L’art de Fatiha Zemmouri est un rare exemple de la collaboration féconde entre le créateur et l’esthète exigeant, entre l’artiste et l’œil évaluateur qui l’habite. D’un projet à l’autre, la plasticienne mène un parcours où l’exercice artistique va de pair avec une constante réflexion autocritique, association qui assure une œuvre conjuguant la volonté d’audace à l’impératif de la mesure, le besoin de dépassement à un souci de cohérence. Depuis 1999, l’artiste multiplie les médiums comme ses expositions s’offrent sous des apparences très différentes de l’une à l’autre, mais l’ensemble affiche un solide dénominateur commun : un effet de santé ardente, d’infaillible maîtrise. Si les toiles, les installations ou les objets que façonne la plasticienne s’impriment aussi profondément dans la mémoire, c’est en raison de cette aura de prouesse qui les distingue : faire surgir autant d’esprit, de sensibilité et d’interrogations dans l’austérité de la matière.

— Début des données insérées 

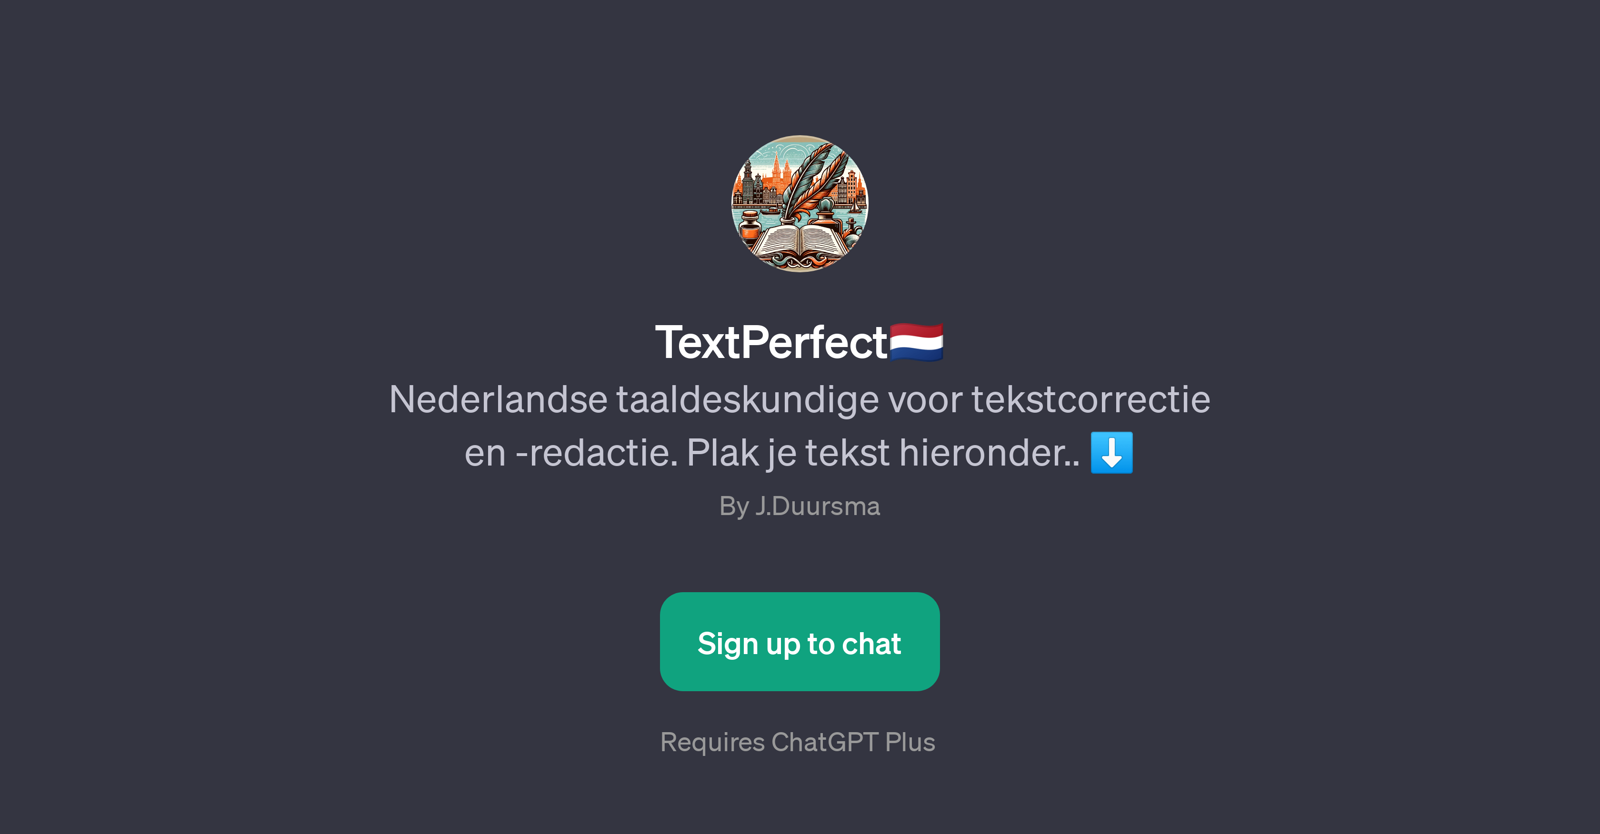 TextPerfect website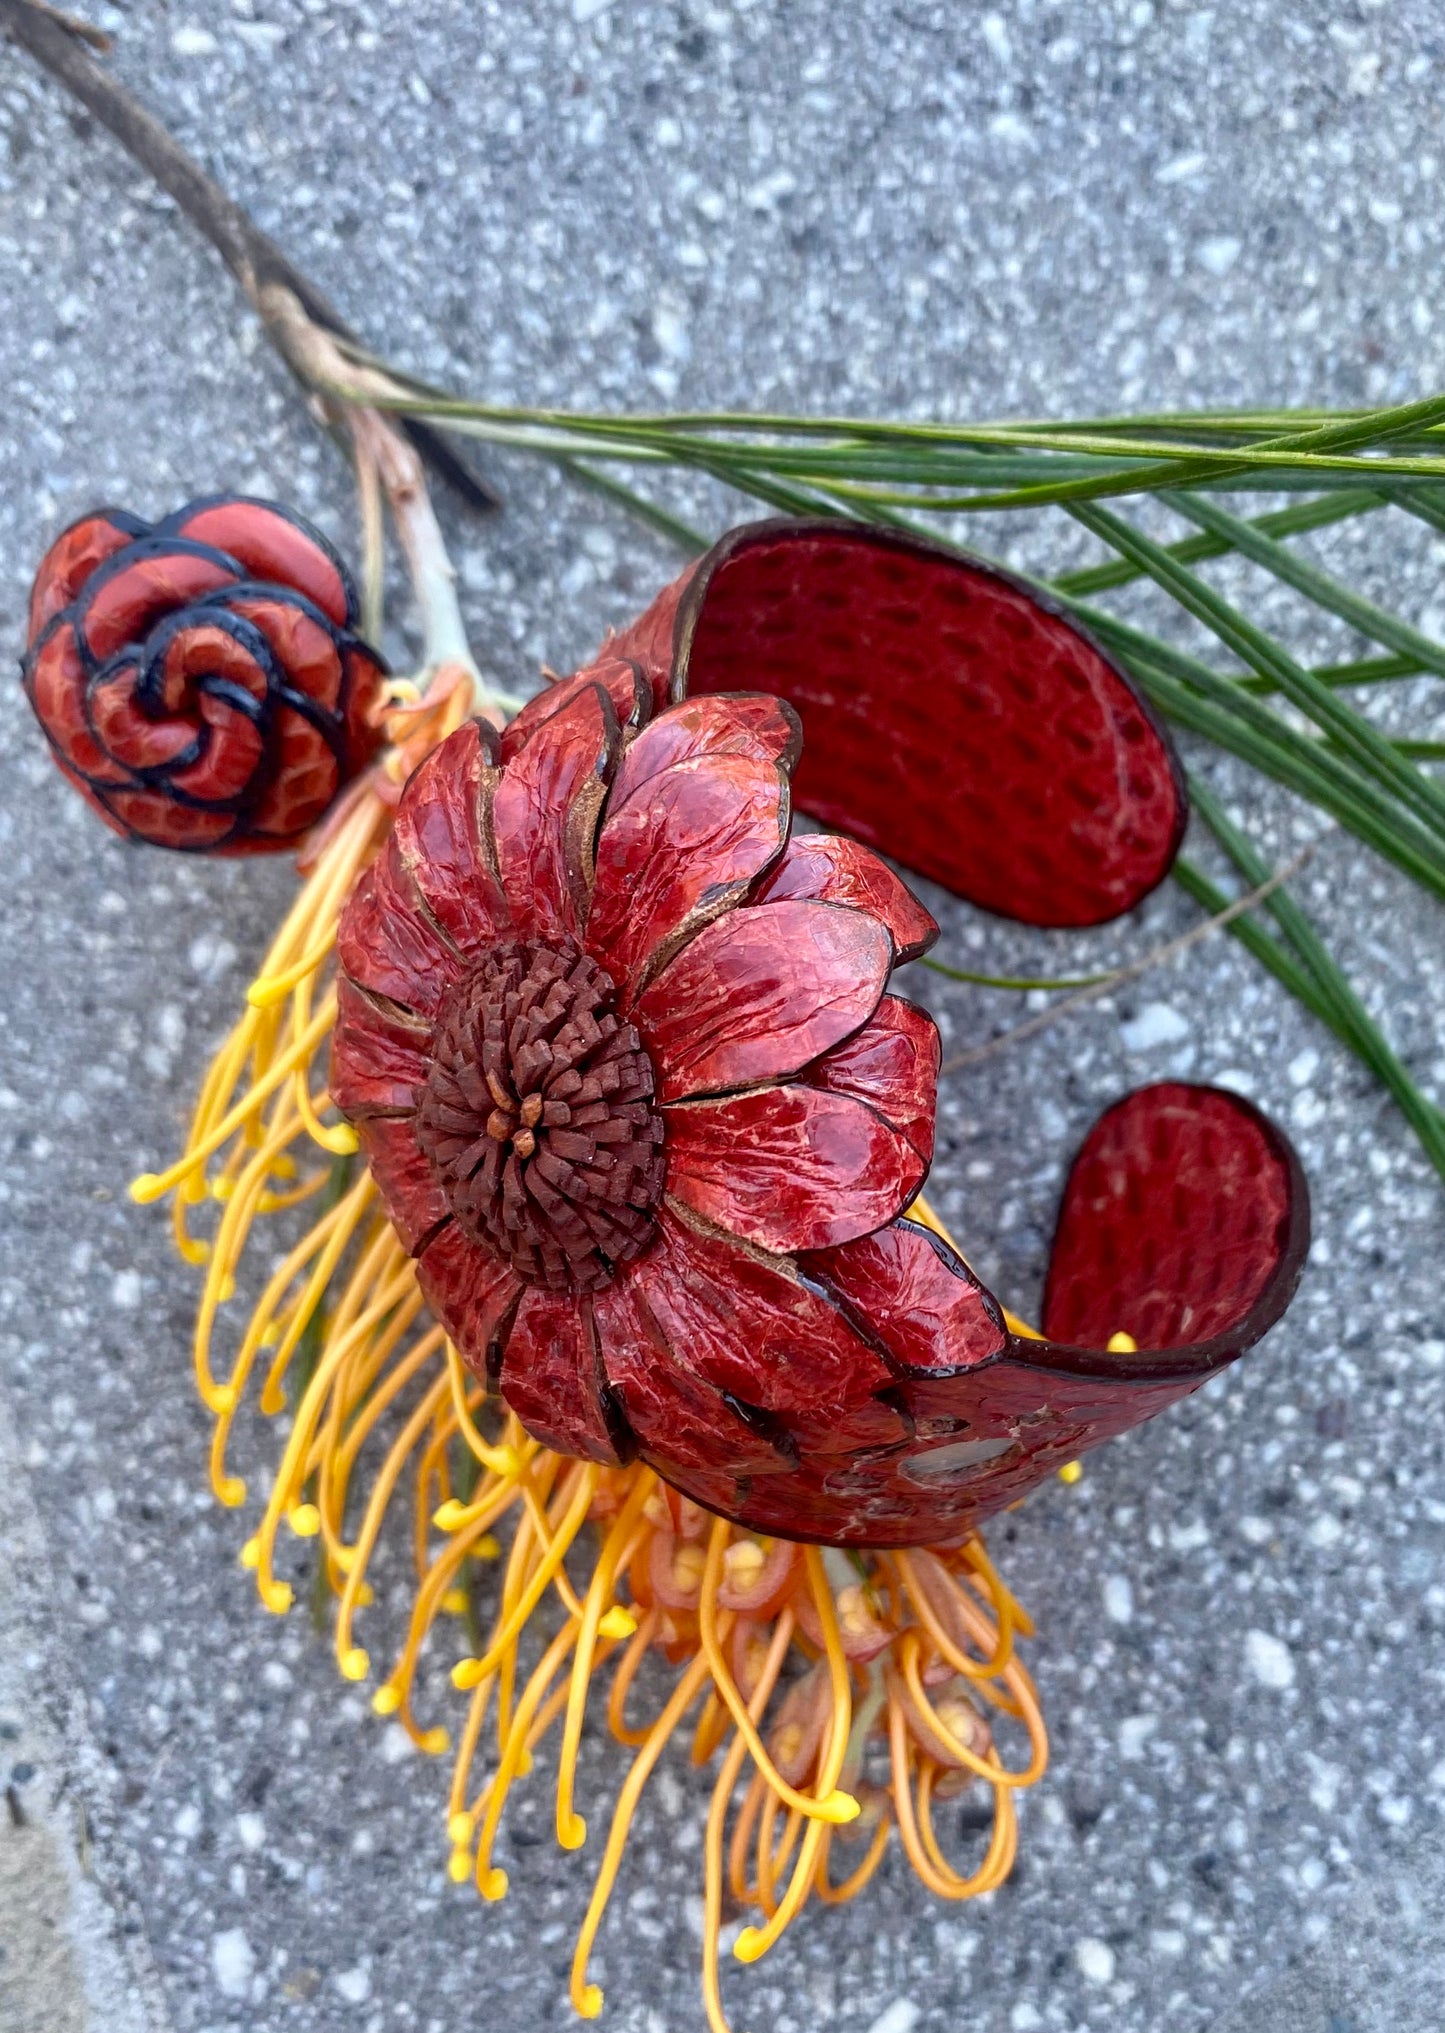 Snakeskin Flower Cuff - Red

Charbon, bois, céramique, porcelaine, métal… Un récit serait à écrire sur le rapport passionnel à la matière que cultive l’artiste dont l’ambition esthétique ne se départit jamais de l’écoute du dehors universel. Les expositions expriment une adhésion aux tourments du monde avec cette particularité que, chaque fois, le sujet ou l’événement invoque une matière différente. En effet, l’artiste tient comme ferment essentiel de son art cette adéquation entre « le propos, le geste et la matière ». Le travail montré à l’Institut des Cultures d’Islam dans le cadre de l’exposition « Zone franche » use de feuilles de tôle pour mettre en œuvre des cartes géographiques froissées qui donnent à lire le désenchantement provoqué par les murs érigés après la destruction du Mur de Berlin. La pierre géante exposée à la Biennale de Marrakech est déployée comme une métaphore de la psychose qui envahit une capitale européenne après une série d’insoutenables attentats terroristes. Quant à la dune de sable du projet « Réparer le monde », elle témoigne, à travers l’évocation du désert, de l’errance et du dépaysement des migrants. Dans les titres, les projets et les pièces ne nomment jamais les événements où ils ont pris naissance.
Youssef Wahboun
Texte extrait du catalogue de l’exposition.